Sinthiya Sivarajah
Introduction
Dupilumab is a biologic agent licensed in the treatment of multiple atopic conditions such as atopic dermatitis, asthma and rhinosinusitis with nasal polyps. However, with continued use, reports of ocular side-effects associated with dupilumab use seem to be increasing (1).
Ocular side effects range from mild eye disease such as conjunctivitis and blepharitis, to more severe ocular manifestations such as ulcerative keratitis (2).

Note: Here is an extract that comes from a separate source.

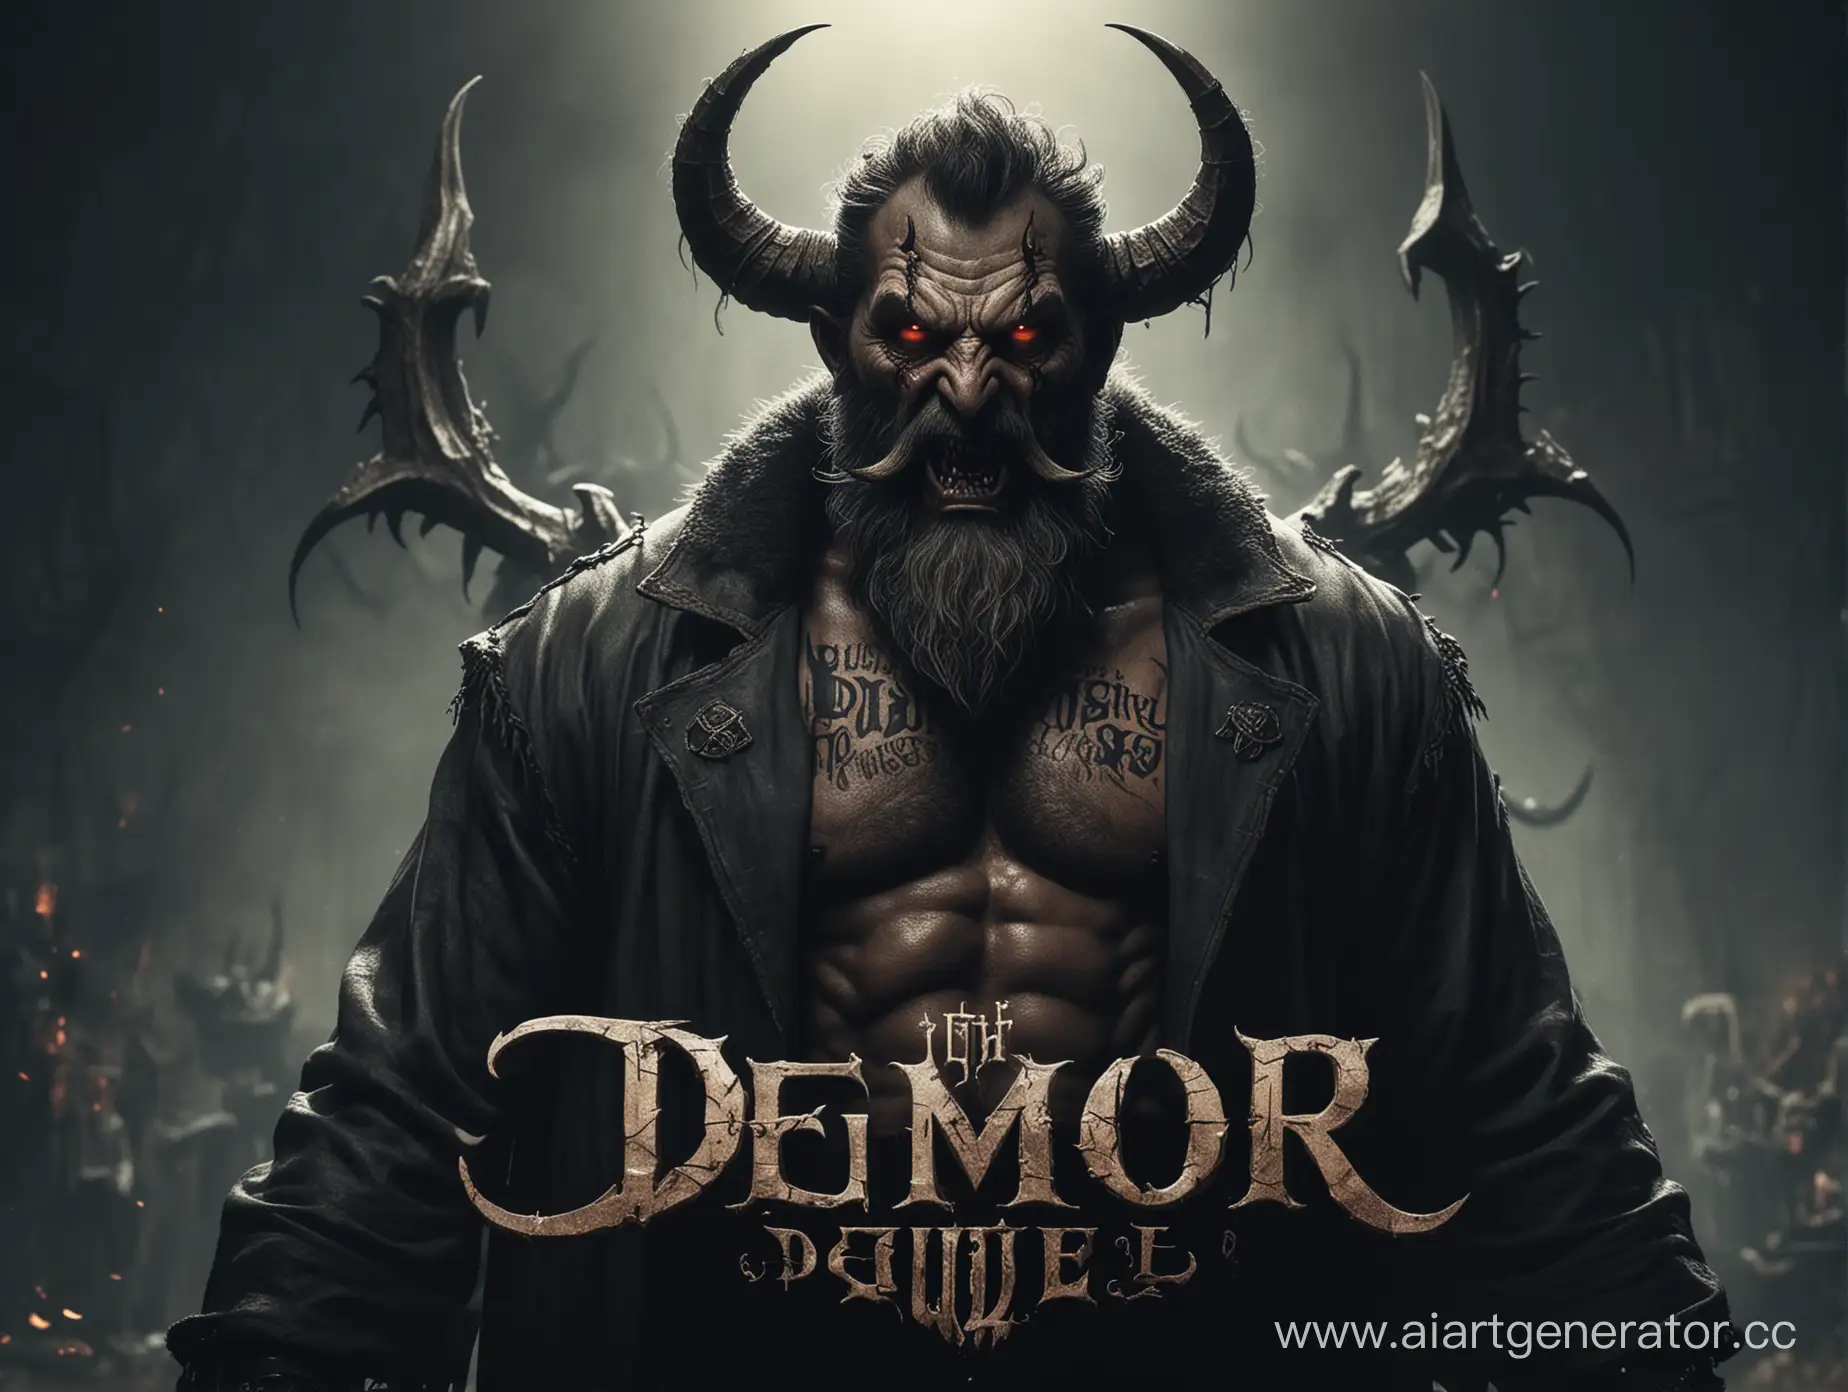 4k picture, 1920 by 1080, Gumer logo, demon,Devil, with beard, GUMER chest inscription, hell

Epidemiology and Prevalence
Patients with a history of atopy have a greater risk of developing allergic conjunctivitis and ocular surface disease (3). Dupilumab related ocular side-effects have been reported in patients of all ages and ethnicities. Interestingly, patients treated with dupilumab for atopic dermatitis had greater incidence of developing conjunctivitis (8.6-22.1%) than patients that were treated with dupilumab for asthma (0–1·7%) (4).
Pathophysiology
Dupilumab is a monoclonal antibody that works by inhibiting interleukin-4 (IL-4) and interleukin-13 (IL-13) (1). This prevents the release of proinflammatory signals and chemokines. It also downregulates type 2 helper T-cells (Th2) thus reducing inflammation in atopic conditions (2). The mechanism by which dupilumab exacerbates, or increases the occurrence of, ocular disease is poorly understood. It is thought inhibition of IL-13 may affect regulation of conjunctival goblet cells and ocular mucus production thereby affecting quality of tears (4). Another suggestion is, downregulation of IL-4 and IL-13 ocular cytokines allows for an environment where demodex mites can thrive, leading to IL-17 mediated inflammation leading to presentation similar to ocular rosacea (5, 6).
Diagnosis
On average, symptoms start to occur six weeks after treatment with dupilumab (2). Diagnosis is primarily clinical made by thorough history and examination, including slit-lamp examination to evaluate for keratitis (3).
Management
The main goal of treatment is to limit the inflammatory process. First line therapy options include topical corticosteroid eye drops, topical tacrolimus eye ointment, artificial tears or ciclosporin eye drops, all of which have been successful in managing dupilumab related ocular side effects (1). One study found starting artificial tears one week prior to starting dupilumab may reduce incidence of ocular side effects (6).
Conclusion
It is clear patients on dupilumab have a greater risk of developing ocular side effects. Therefore, close collaboration is needed with ophthalmologists to ensure early diagnosis and management of ocular side effects.
References
1. Wollenberg A, Ariens L, Thurau S, van Luijk C, Seegräber M, de Bruin-Weller M. Conjunctivitis occurring in atopic dermatitis patients treated with dupilumab–clinical characteristics and treatment. The Journal of Allergy and Clinical Immunology: In Practice. 2018 Sep 1;6(5):1778-80.
2. Chu CY. Keeping an eye on the ocular problems in dupilumab clinical trials. British Journal of Dermatology. 2019 Sep 1;181(3):436-7.
3. de Bruin-Weller M, Graham NM, Pirozzi G, Shumel B. Could conjunctivitis in patients with atopic dermatitis treated with dupilumab be caused by colonization with Demodex and increased interleukin-17 levels?: reply from the authors. The British journal of dermatology. 2018 Mar 2;178(5):1220-1.
4. Akinlade B, Guttman‐Yassky E, de Bruin‐Weller M, Simpson EL, Blauvelt A, Cork MJ, Prens E, Asbell P, Akpek E, Corren J, Bachert C. Conjunctivitis in dupilumab clinical trials. British Journal of Dermatology. 2019 Sep 1;181(3):459-73.
5. Treister AD, Kraff-Cooper C, Lio PA. Risk factors for dupilumab-associated conjunctivitis in patients with atopic dermatitis. JAMA dermatology. 2018 Oct 1;154(10):1208-11.
6. Ivert LU, Wahlgren CF, Ivert L et al. Eye complications during dupilumab treatment for severe atopic dermatitis. Acta Derm Venereol 2019; 99:375–8.